TurboActivate and TurboFloat work with any programming language or scripting language. But we like to write example apps and help articles to speed along our customers' development. The two newest examples added to the list are for TurboFloat: Delphi (7 and newer) and VBA (Visual Basic for Applications) for Windows and Mac OS X.

Tons of behind-the-scenes fixes and speedups

We dedicate a lot of time making online activation as fast as possible for the end-user. This means if we can trim off a millisecond here or a millisecond there we will. And we've been doing that steadily over the past year, making the speed of the activation about twice as fast as it was this time last year.

Also, we've significantly improved our throughput capability (meaning we can handle many, many more activations and verified trials per-second).

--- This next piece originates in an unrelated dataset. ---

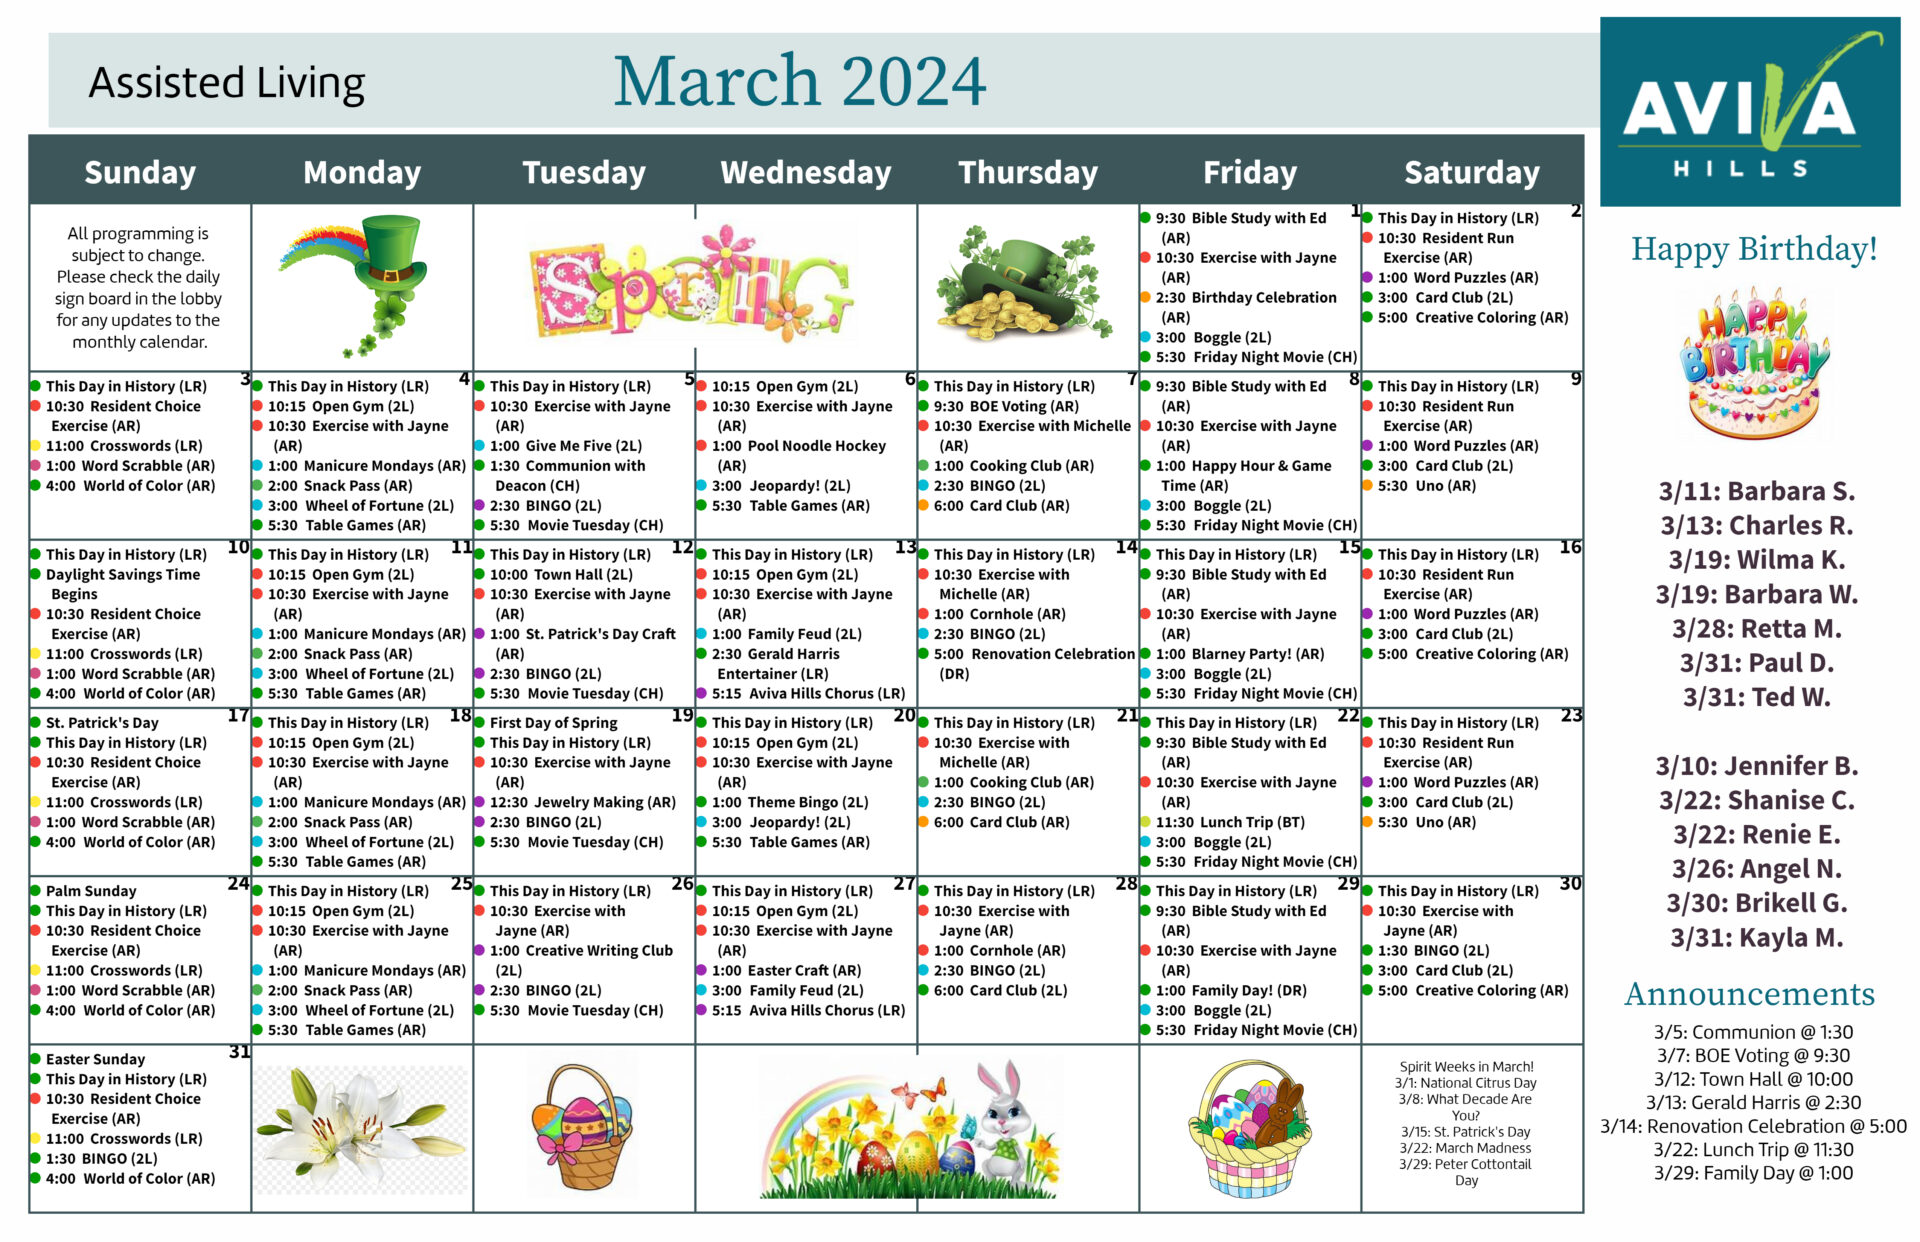 Aviva Hills Assisted Living March 2024 Event Calendar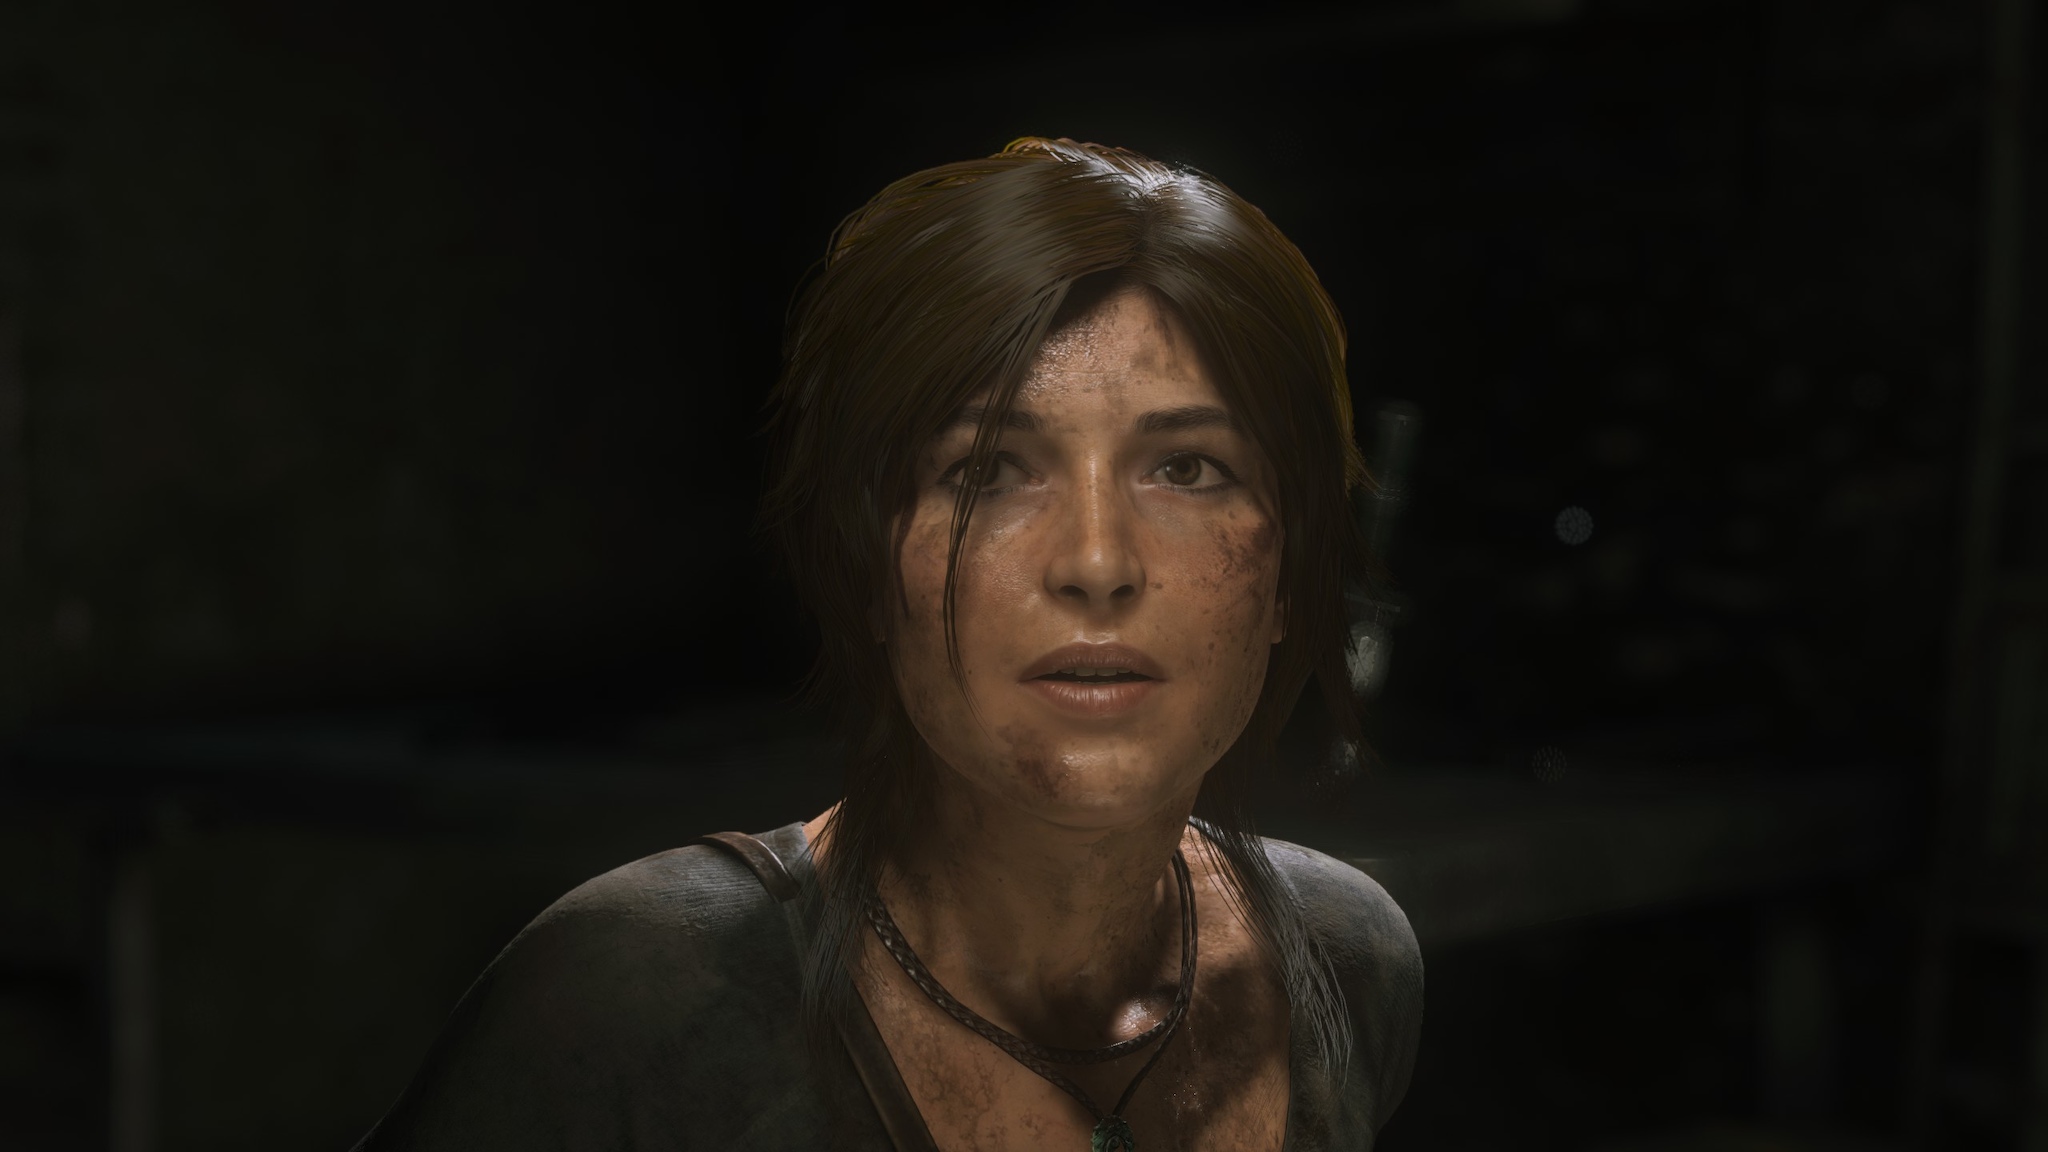 video games, Tomb Raider Wallpaper

This is by no means the end of the line. We have a ton of speedups coming over the next year. The faster we make the activation and verified trials processes the happier your customers will be.

Bug fixes galore

In addition to all of the new cool features, we've been chipping away at bugs. See the following links for a full list of features and fixes:

We're not done not by a long shot!

This year we're making a whole slew of improvements to every one of our products. And we'll be rolling them steadily. The next big update is coming to the LimeLM web interface. It's old, it's ugly, and it desperately needs some love. So that's what we're going to focus 100% of our concentration on over the coming months. And instead of rolling it out in one "big update", we'll roll it out gradually.

We've just released TurboActivate 3.4.7. You can get it right now on your API page.

Here are the changes:

  • On Windows, if a customer disabled a network adapter it would force them to re-activate. Now it just acts as a "fuzzy change". In the upcoming TurboActivate 4.0, the fingerprinting algorithm has been vastly improved to reduce all known false-positives and false-negatives. This is not that improvement.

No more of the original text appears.